--- INPUT ---

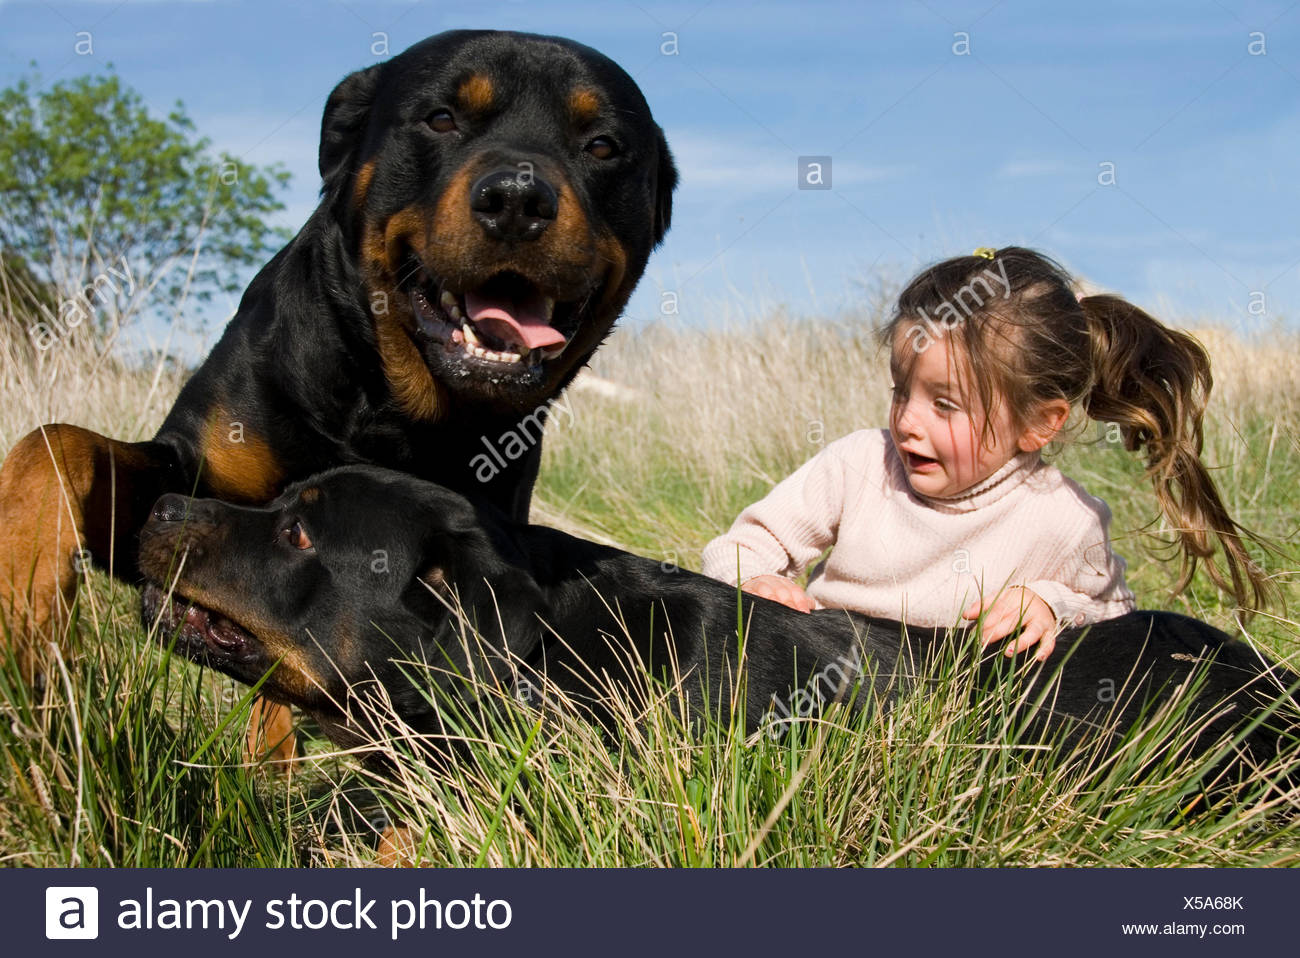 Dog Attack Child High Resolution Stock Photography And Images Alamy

---
--- INPUT ---

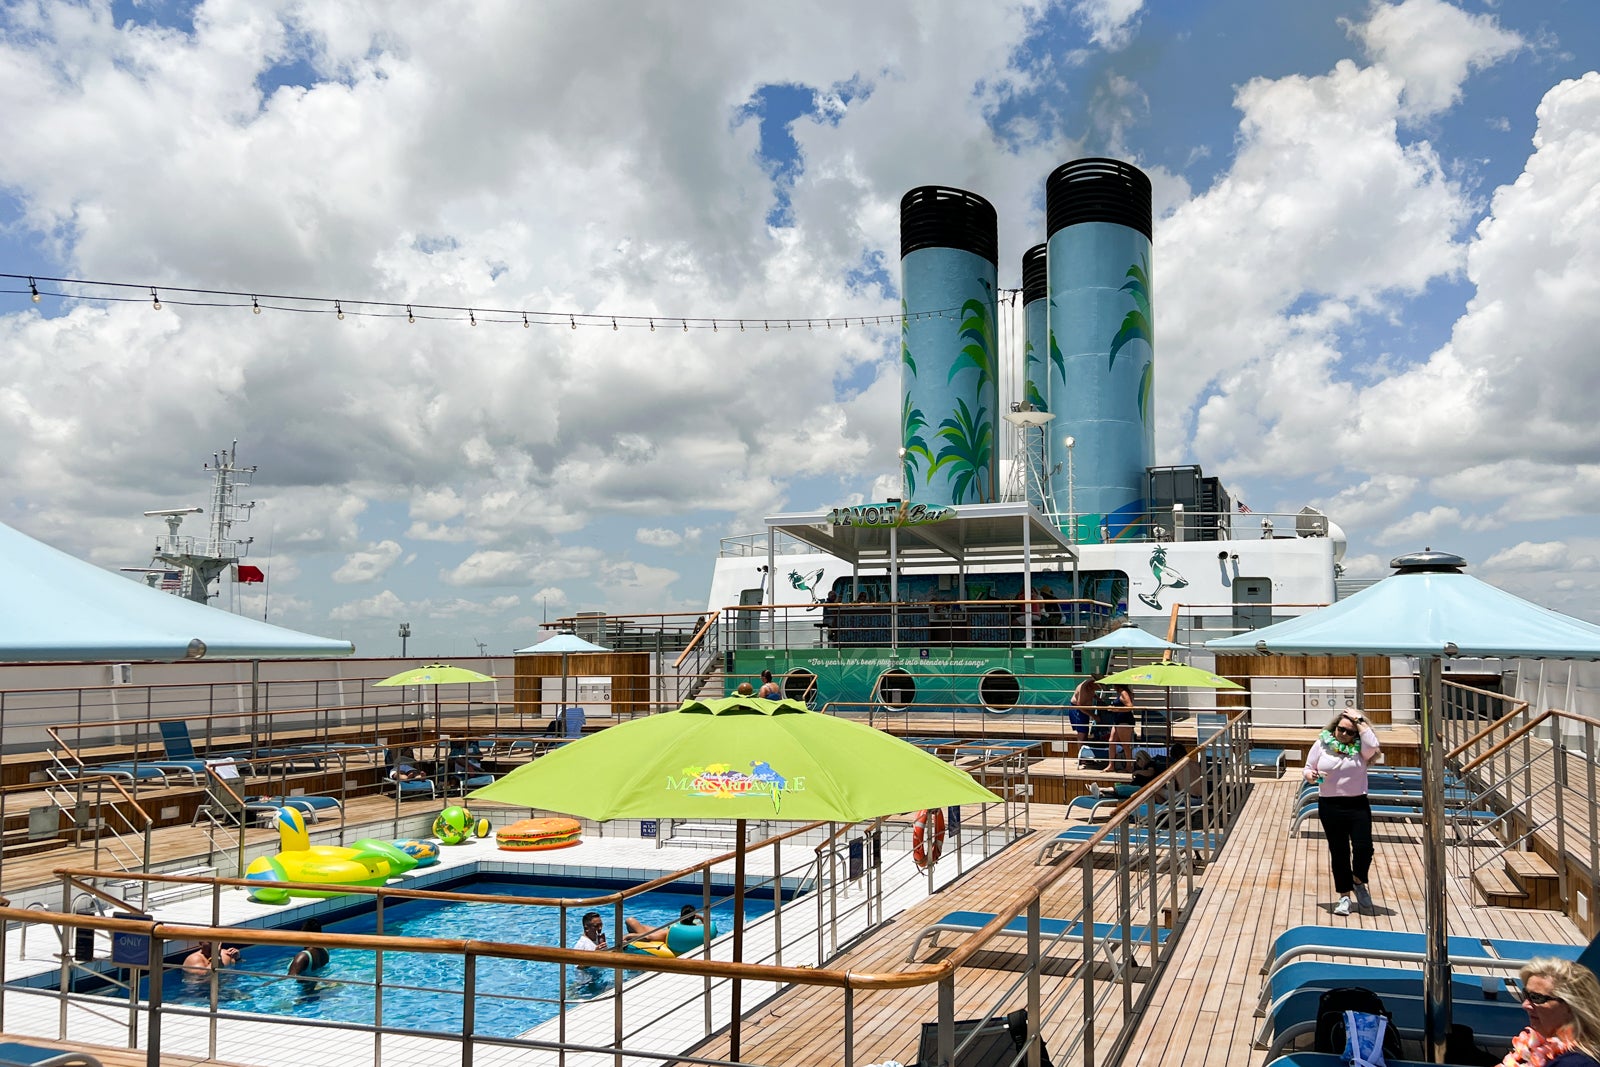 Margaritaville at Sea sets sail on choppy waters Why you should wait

---
--- INPUT ---

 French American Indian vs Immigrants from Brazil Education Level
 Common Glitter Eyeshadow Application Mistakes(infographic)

---

• [TASK REQUIREMENTS]: Set down, from the entries above, exactly the lines from the one with "French American Indian" up to and including the one with "Common Glitter Eyeshadow", and no other lines.

• [THE ANSWER]:
 French American Indian vs Immigrants from Brazil Education Level
 Common Glitter Eyeshadow Application Mistakes(infographic)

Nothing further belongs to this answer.